NCT number NCT04184310
Other study ID # IR-170133-1
Secondary ID
Status Completed
Phase N/A
First received
Last updated
Start date December 5, 2016
Est. completion date June 5, 2019

Study information

Verified date November 2019
Source Zagazig University
Contact n/a
Is FDA regulated No
Health authority
Study type Interventional

Clinical Trial Summary

from December 2016 to July 2019, 36 elderly co-morbid patients with rectal prolapse were involved in this study which is performed in the GIT surgery unit of Zagazig University Hospital. the investigators used a modified linear stapler resection technique for the rectal prolapse. Postoperative follow up was done for one year to evaluate functional outcome, operative time, hospital stay and complications


Description:

The study was done in the GIT Unit of the General Surgery Department of Zagazig University Hospital in the period from December 2016 to July 2019. The hospital Institutional Review Board approved the study protocol. Thirty-six old, co-morbid and short life expectancy patients were included in the sample. They were evaluated for PSP. Informed consent was signed by all patients or first-degree relatives after full discussion of the advantage and disadvantage of the operation. Preoperative bimanual examination was done for rectal prolapse to rule out enterocele or cystocele and this was confirmed by MRI. The routine preoperative evaluation was done for all patients (physical examination, complete blood tests, ECG and chest x-ray). Bowel preparation was done for all patients.
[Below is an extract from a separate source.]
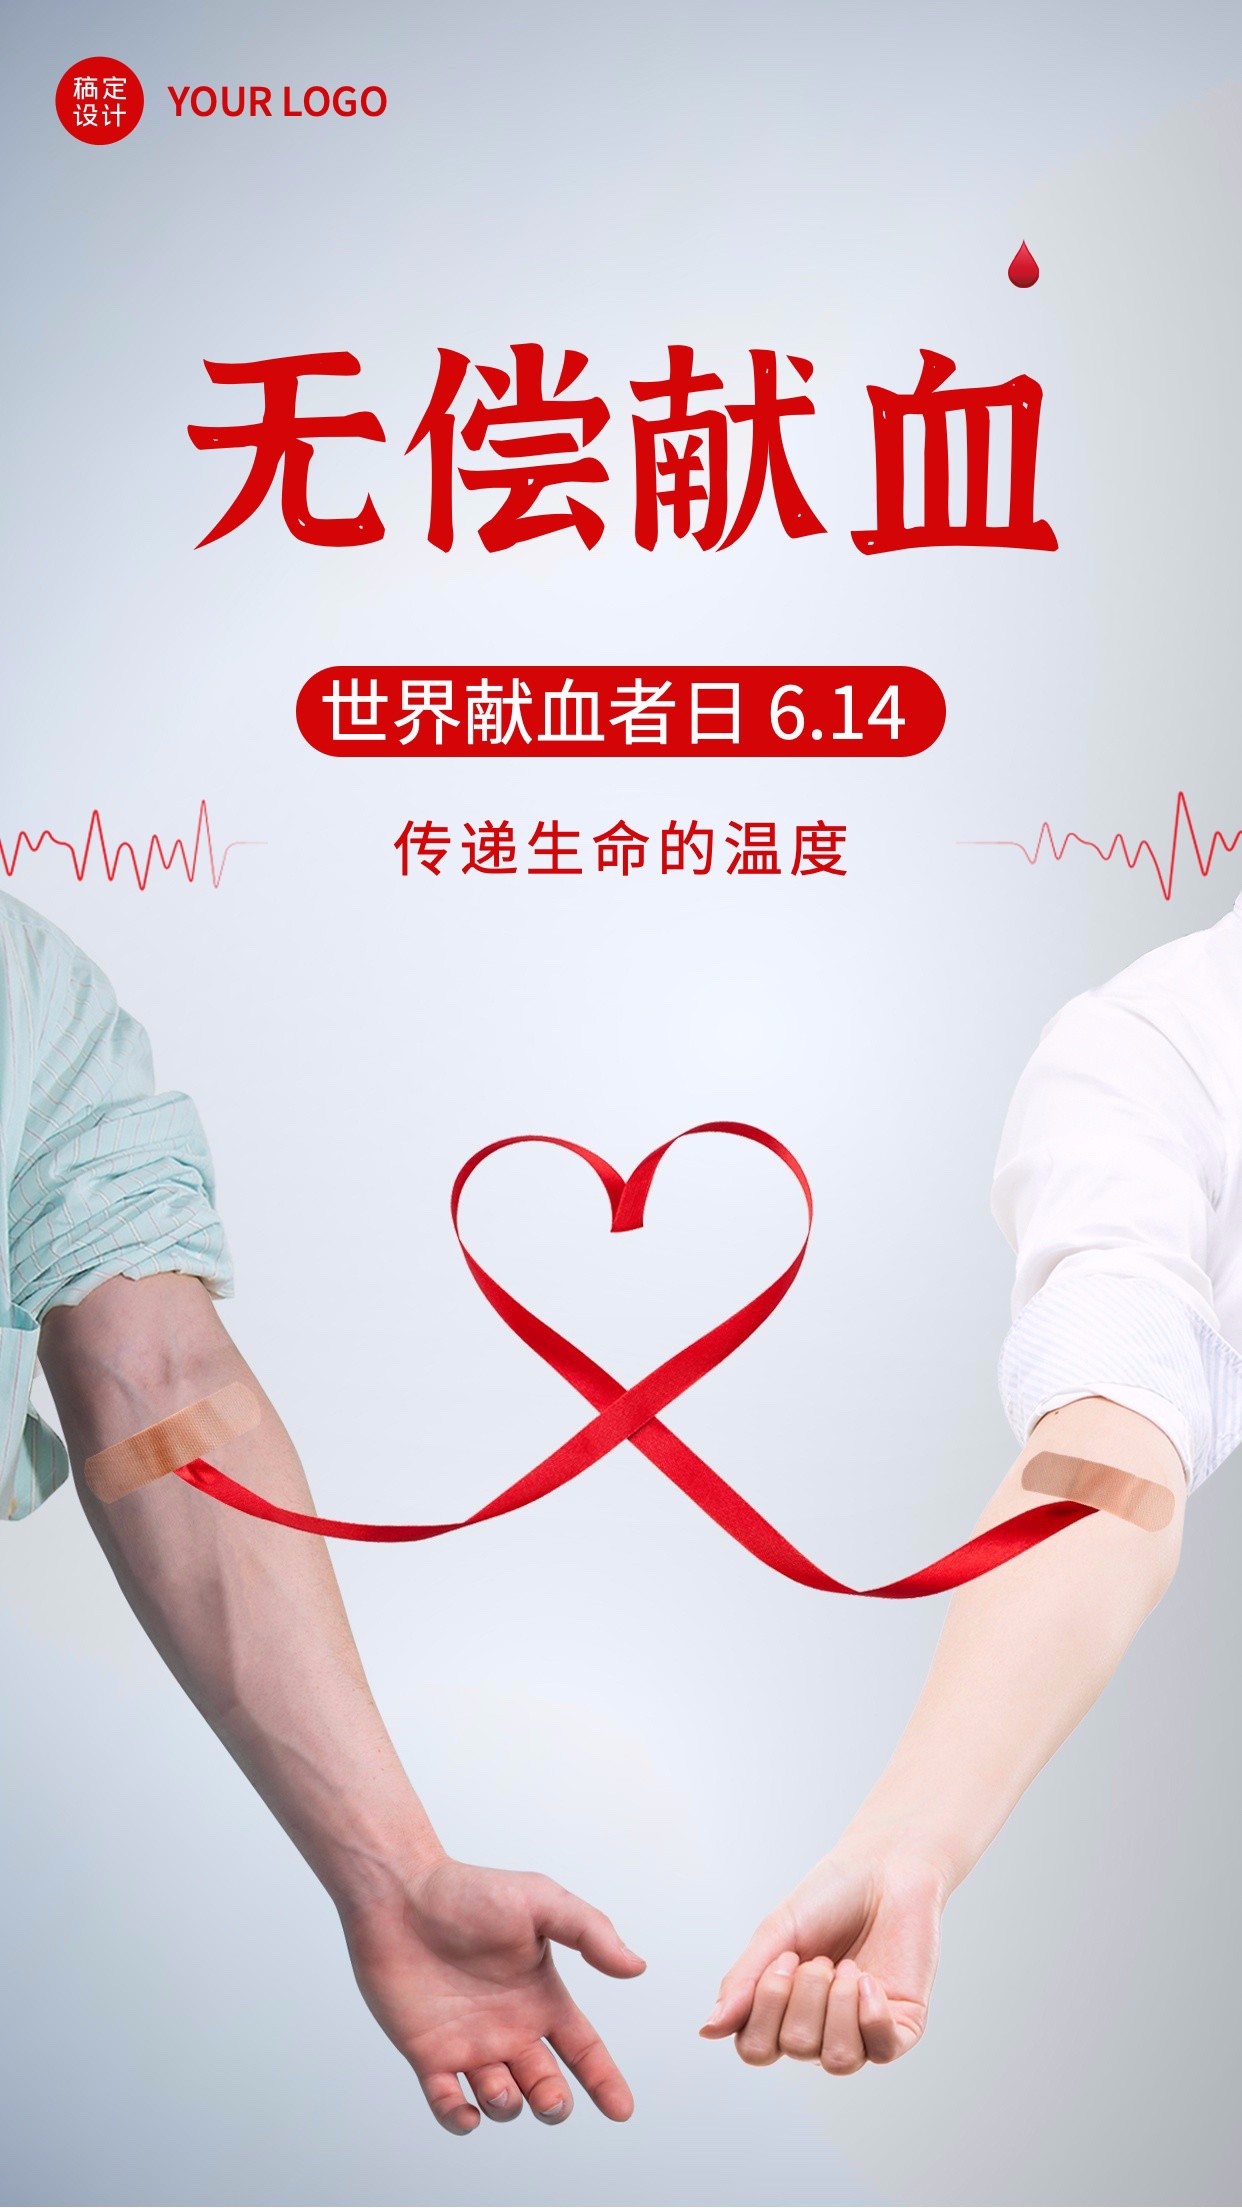 世界献血日节日宣传手机海报预览效果

Regarding bowel function, all patients were evaluated for fecal incontinence by Wexner score and for constipation by Rome II criteria. Prophylactic intravenous cephalosporin and metronidazole was given one hour before operation. The operation was done under spinal anesthesia in the lithotomy position with slight Trendeleburg to prevent trapping of abdominal organs between walls of rectum. All operations were done by the same surgical members of the unit. Hospital stay, Intraoperative and postoperative complications were recorded. All patients started oral fluids in the second day. Follow up was done for patients every 1,3,6,9 and 12 months in the outpatient clinic.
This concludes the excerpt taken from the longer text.